Читаем Глубинка полностью

Лида рядом стоит, как струна вытянулась, только что не звенит. Черными глазами на Аркашу смотрит, не моргнет, и слез не видно, их страх за любимого высушил. Аркадий, будто во сне, плечом повел, лямку на локоть сбросил.
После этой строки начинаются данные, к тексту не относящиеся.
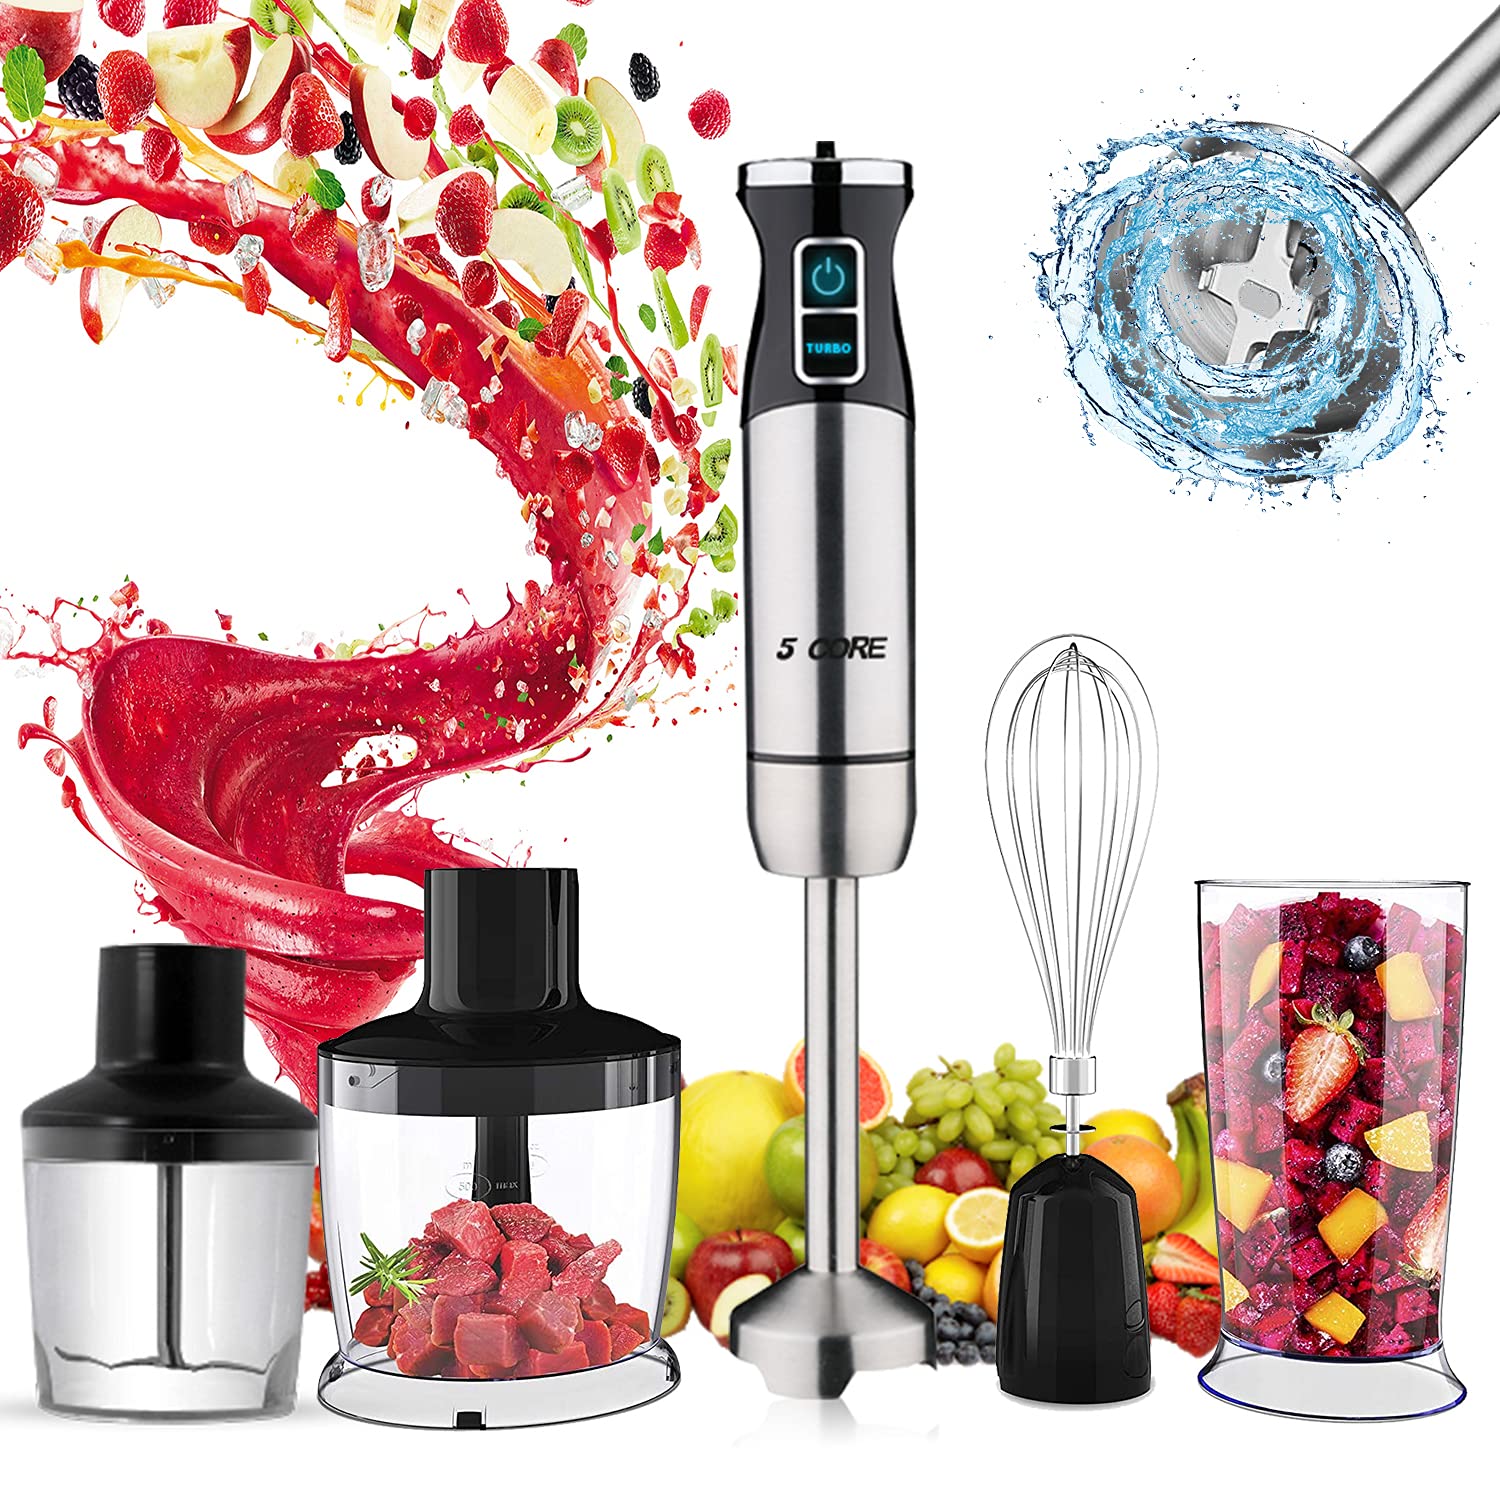 5 Core 5-in-1 Immersion Hand Blender, Powerful 500W Motor, 8 Speed Settings, BPA-Free Milk Frother, Smoothies, Egg Whisk, Puree Infant Food, Sauces & Soups

— Спрячь, не срами, — он отвел Васины деньги. Тот их в карман свой толкает, а Аркаша ему баян протягивает. Не знает Князев, что делать; или деньги выронить и мечту свою схватить, или пухлую кипу продолжать упрятывать, а тут еще Аркаша передумает. Промешкал Вася. Лида в баян вцепилась, к себе потянула. Васильковые мехи растопырились, вздохнул перламутровый, а Лида Князеву:

— Уй-ди!

Попятился Вася и пошел прочь, покачиваясь от отчаянья, соря мятыми рублевками. Аркаша Лиду будто бы только теперь рядом увидел, смутился, чего прежде с ним не бывало, выпустил баян.

— Зачем он тебе, Лидия?

— Эх, Аркадий, Аркадий! — жжет его сухими глазами Лида. — Я ведь не Вася Князев, я не к баяну присохшая хожу. А баян сохраню. Вернешься — играть будешь!

— Старшина-а!.. Дику-ун! — торопят от эшелона.

— Если вернусь, — шепчет Аркаша.

— Вернись! Вернись! Вернись! — заклятьем выкрикнула Лида и криком этим будто отпугнула Аркашино сомненье, и он повторил за ней, как пообещал:

— Вернусь.

Обхватил Лидины плечи, поцеловал в губы, крикнул бабам, чтоб приглядели за матерью, и, не оглядываясь, запрыгал через рельсы к теплушкам.

Лида помраченно побрела к шпалам, поставила баян и упала на него как убитая.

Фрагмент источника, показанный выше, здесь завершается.